Emotional Intelligence (EQ) is the ability to express, control and more importantly to understand our emotions which includes intrepreting and responding to the emotions of others.
A lot of people will think that Emotional Intellligence is a new thing; however it was first mentioned back in 1964, reappearing in 1966, then in 1983 and again 1985. The biggest research happened in 1990 when Peter Salovey and John Mayer led research into emotional intelligence and defined it as:
”The subset of social intelligence that involves the ability to monitor one’s own and others’ feelings and emotions, to discriminate among them and to use this information to guide one’s thinking and actions.”
They identified four different factors to emotional intelligence:
- Perceiving Emotions: The first step in understanding emotions is to perceive them accurately. This includes interpreting non-verbal signs such as body language and facial expressions.

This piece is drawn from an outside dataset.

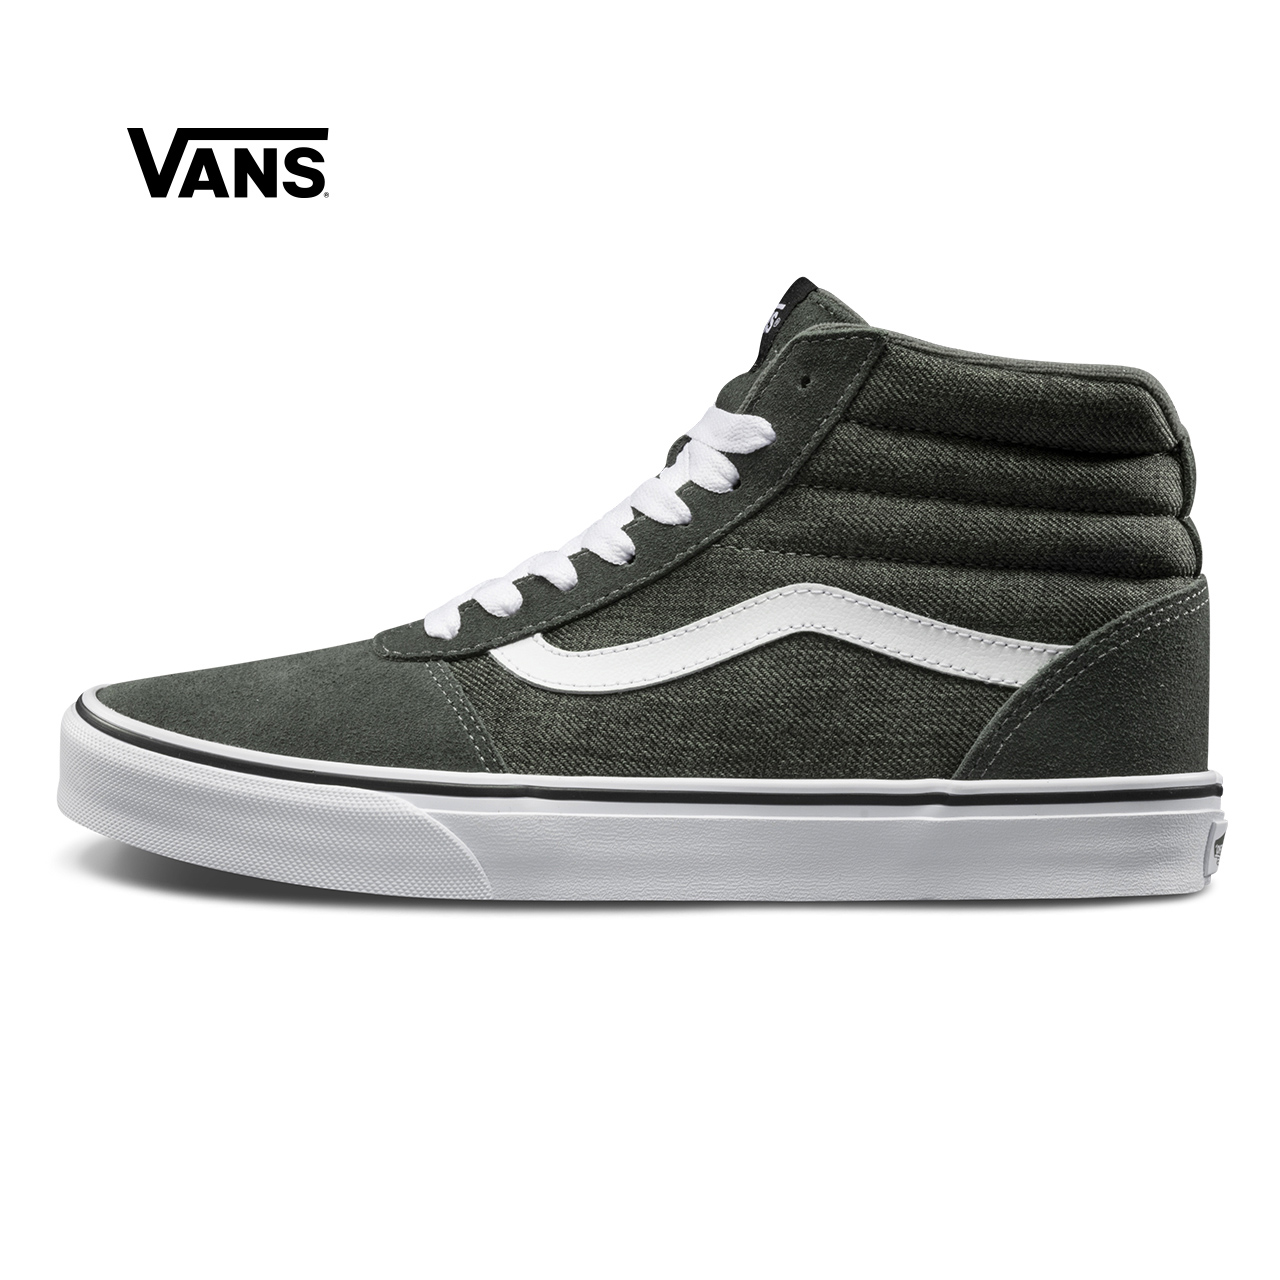 Vans 范斯官方男款侧边条纹休闲鞋|VN0A36ENQOR
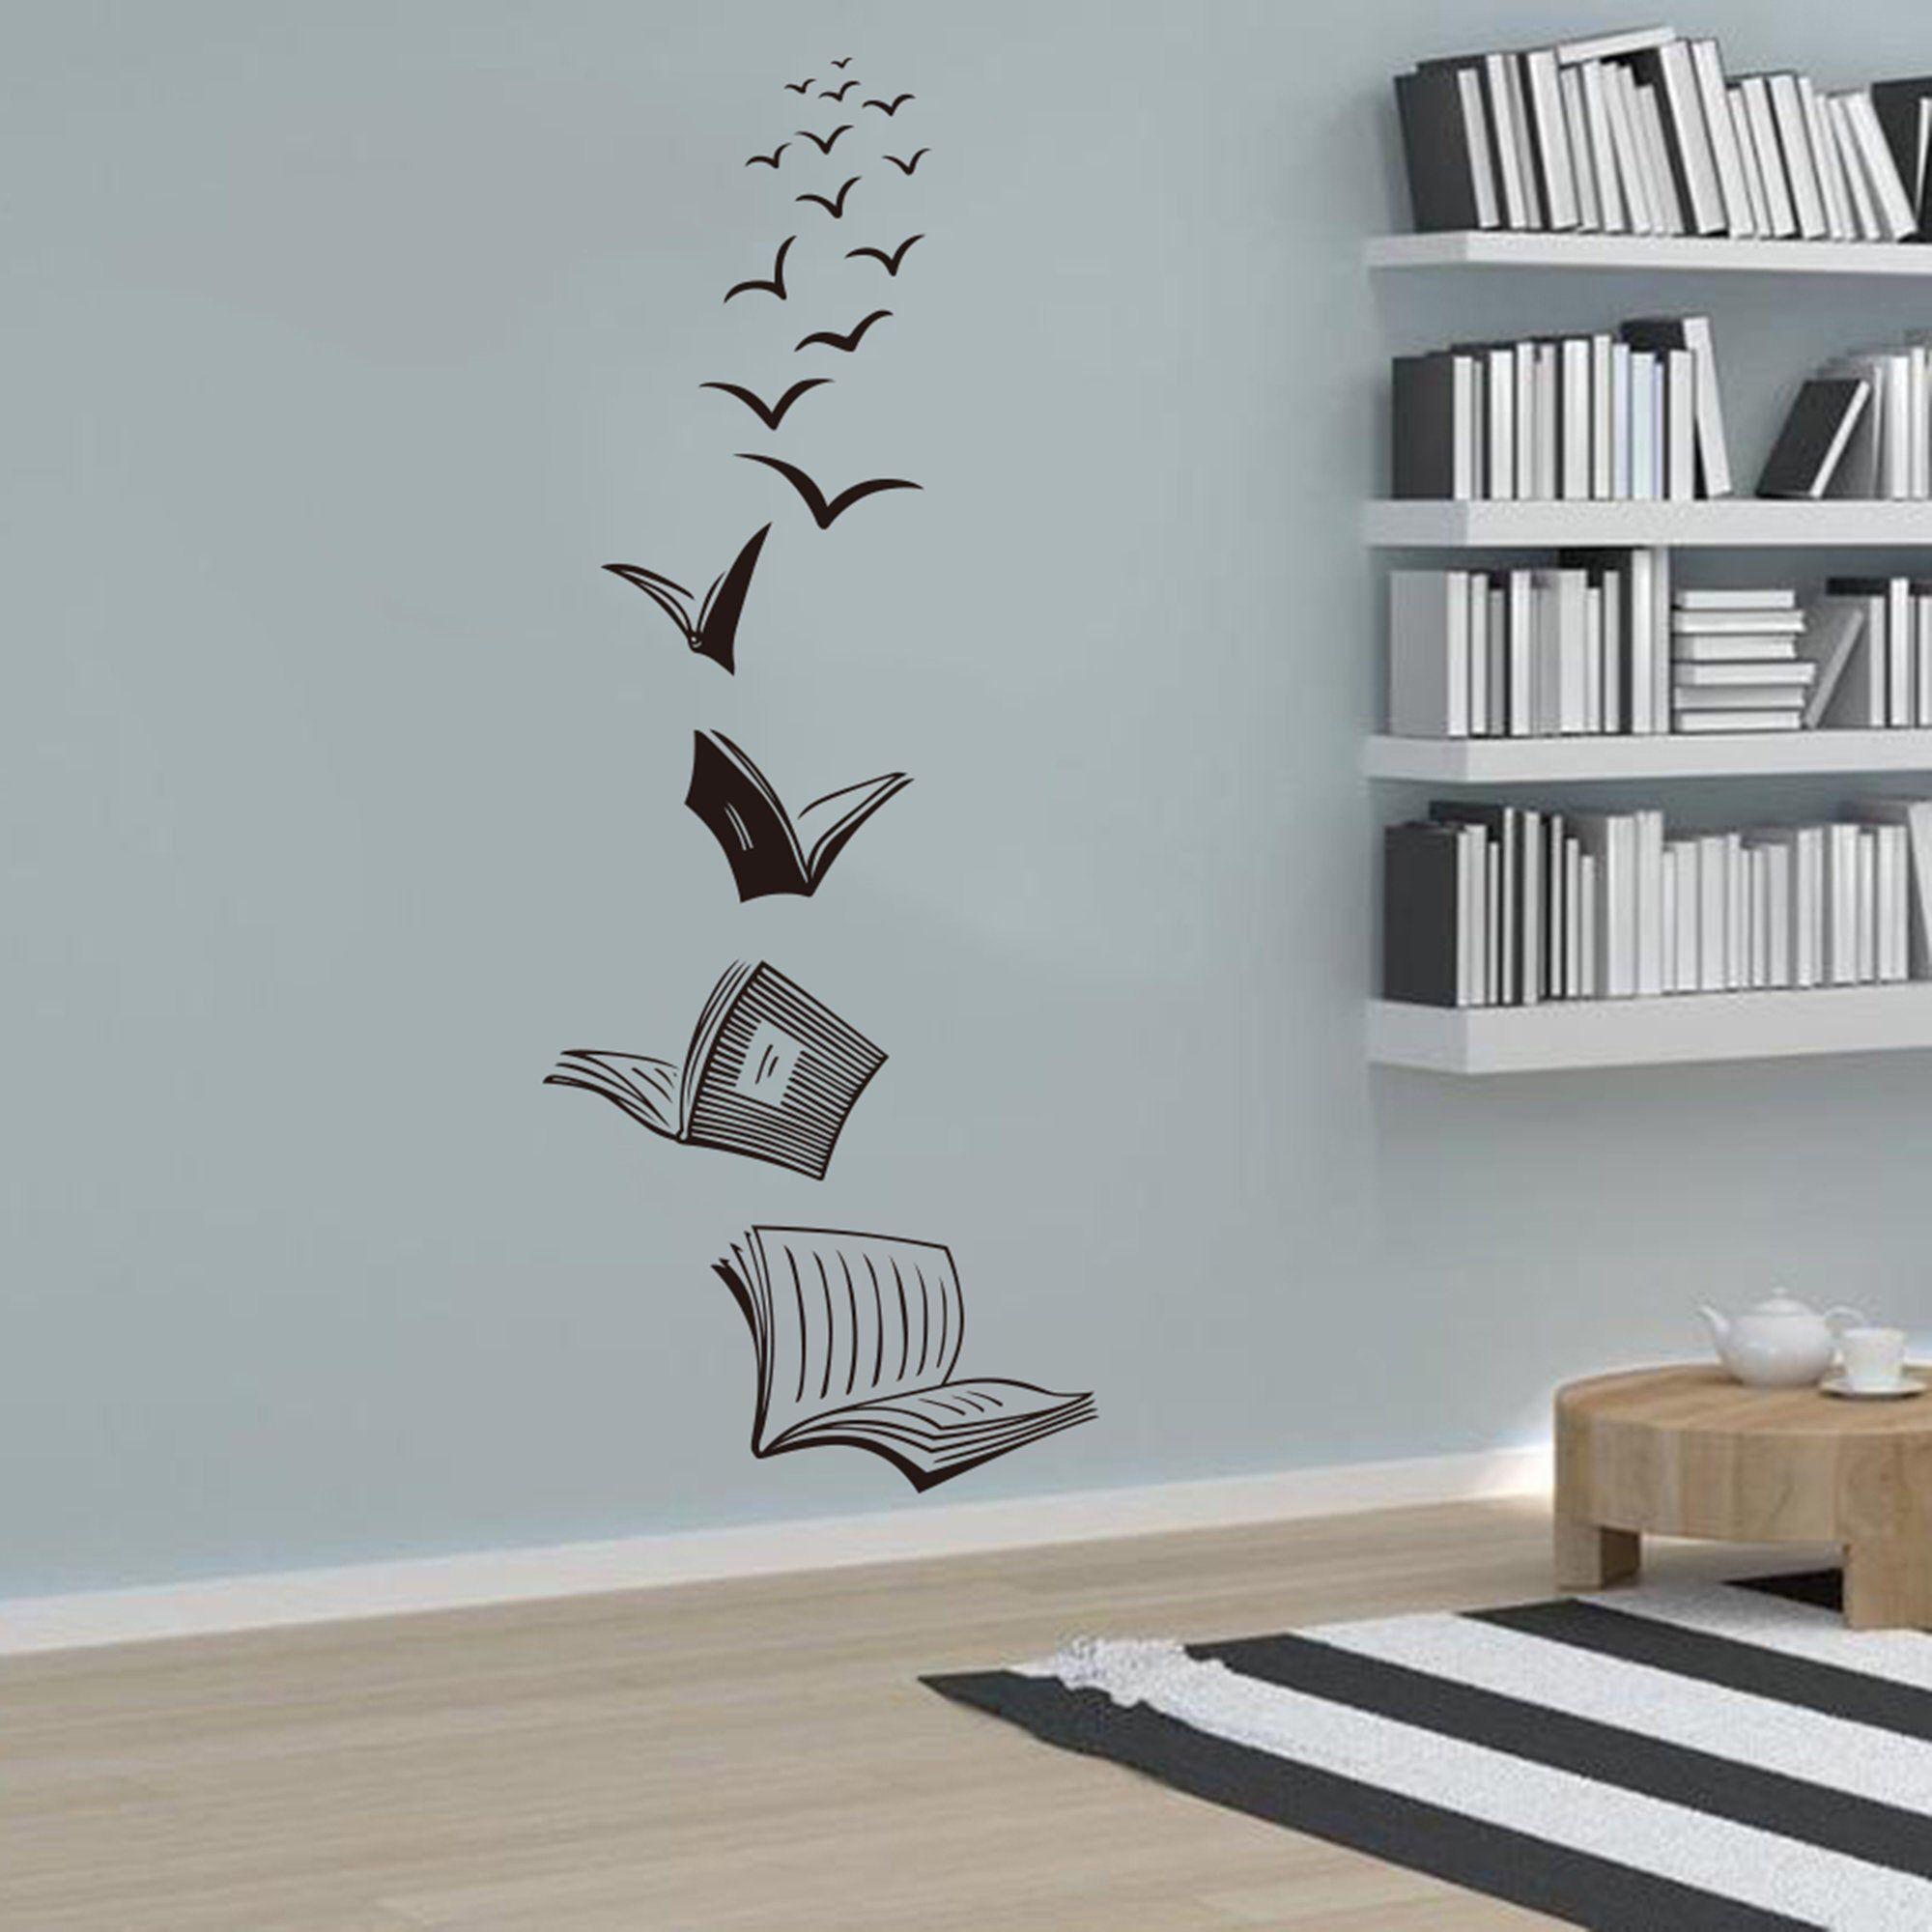 Reading Book Fly Birds Wall Decal Library School Classroom Decal Book Study Room Vinyl Wall Sticker Bed In 2020 Bird Wall Decals Wall Stickers Bedroom Bedroom Wall Art

- Reasoning With Emotions: Emotions help prioritise what we pay attention to and react to; we respond emotionally to things that catch our attention, therfore they help to promote cognitive ability.
- Understanding Emotions: Perception plays a huge part in understanding emotions. Emotions can carry a wide variety of meanings and its are job to work out what the actual meanings are. For instance is a person angry at us or something else entirely.
- Managing Emotions: The biggest part of emotional intelligence is the ability to manage emotions effectively. Regulating and responding appropriately to our own and others emotions is the most important aspect of emotional intelligenc
Daniel Goleman’s book Emotional Intelligence – Why it can matter more than IQ (1995), explores emotional intelligence and collates research that proves its value in todays world.
Emotional Intelligence (EQ) is becoming just as important as IQ.
Emotional Therapeutic counselling can help people to become emotional aware, not only with their own emotions but also with those people surrounding them.